日本の伝統文化に関心がある人、伝統を受け継いでいきたいという思いを持っている人は、仲居の仕事を心から楽しむことができるでしょう。
仲居志望動機・目指すきっかけ
旅館の雰囲気が好き、接客スキルを生かしたいなど
仲居の主な業務は「接客」です。
学生時代のアルバイトで接客業の楽しさを感じてきた人や、もともと人と接するのが好きだという人が、仲居を目指すケースが多いです。
旅館という非日常的な空間に魅了されて、その場所で働きたいと考える人もいますし、仲居の美しい所作や言葉遣いを身につけたいなどと考える人もいます。
また近年では、海外から日本を訪れる人が増えています。
語学力に自信がある人や、国際交流に関心がある人にとっても魅力的な職業だといえるでしょう。
仲居の雇用形態・働き方
正社員のほか、派遣社員やアルバイトの雇用も増えている
仲居は、旅館やホテルなどの宿泊施設に直接雇用されて働く形態が一般的です。
規模の大きな有名旅館では、新卒採用や、定期的な正社員募集をおこなっていることもあります。
正社員として採用されれば、給料は月額ベースで比較的安定しており、まかないや寮などの待遇も得られます。
ただし、業界全体として仲居の不足に悩んでいる旅館は増えており、最近では派遣会社経由で臨時的に仲居を雇うケースも目立ちます。

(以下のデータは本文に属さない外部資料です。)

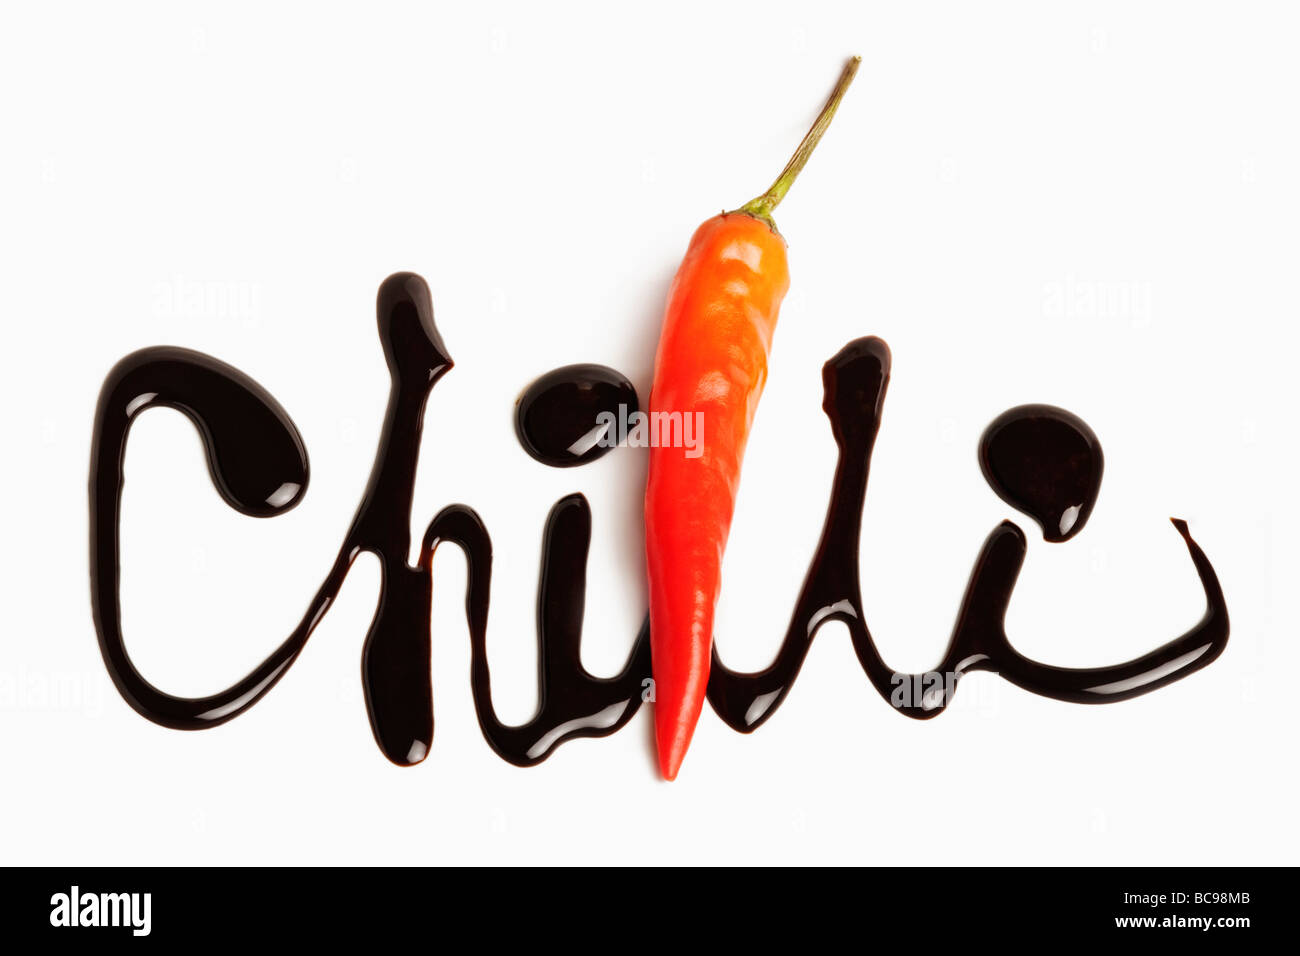 Le mot écrit en rouge Chili Chocolat Piment utilisé dans le cadre de la parole contre l'arrière-plan blanc Banque D'Images

勤務日数などの融通が利きやすいアルバイトの募集も見られ、仲居の働き方は多様化しているといえるでしょう。
仲居の勤務時間・休日・生活
特殊な勤務体系をとる旅館もある
仲居の勤務時間は、やや変則的なものになることが多いです。
実働は1日8時間程度ですが、基本的には1組のお客様をチェックインからチェックアウトまで担当するため、「正午から翌日の正午まで」といったシフトが組まれることが多いです。
深夜の時間帯には長時間の休憩をはさみますが、不規則な勤務は避けられないでしょう。
このほか、仲居ならではの勤務体制の特徴として「中抜け」があります。
中抜けとは、たとえば6時に出勤し、10時から19時までを長時間の休憩として勤務から離れ、再度19時に出勤し、22時に退勤するというシフトのことをいいます。
どのような勤務体系をとっているかは旅館によって異なるため、事前によく確認しておくほうがよいでしょう。
また、宿泊業は土日祝日やお盆・お正月など、世間がお休みのときに最も忙しくなる業種です。
休日は平日、また観光のオフシーズンに当てられることが多くなり、不定期となります。
仲居の求人・就職状況・需要
人材不足により需要は高まっている
近年、多くの旅館が仲居不足に悩まされています。
その背景には、職業の選択肢が増えて仲居を目指す若者が減っていることや、政府のインバウンド政策などにより外国人の宿泊数が増加していることなどがあります。
仲居の求人は数多く見られるため、自分に合った条件を見つけられる可能性が高くなっています。
人材不足を解消するために、最近では仲居を派遣社員で補っている旅館も少なくありません。
正社員としての雇用を目指すのはもちろん、観光系の派遣会社に登録してフレキシブルに働くのも一つの選択となるでしょう。
仲居の転職状況・未経験採用
やる気と健康があれば、未経験でも歓迎される
仲居は、転職によってなる人も大勢います。
接客業経験者であれば即戦力として活躍できたり、給与面で優遇されたりする可能性はありますが、未経験者が門前払いになることはほとんどありません。
やる気があり、働くのに差し支えない健康状態であれば、仲居になれる可能性は十分にあるといえます。
ただし、お客さまに失礼のない対応をするためには、接客や礼儀作法の基礎を学ぶ期間が不可欠です。
未経験で仲居になる場合、はじめの数ヵ月は試用期間として先輩の補助業務をこなしながら、仲居の基本的な知識や技術を身に付けていくことが多いでしょう。
新人のうちはあまりよい給料が望めない場合が多いため、その点はしっかりと頭に入れて転職の計画を立てることをおすすめします。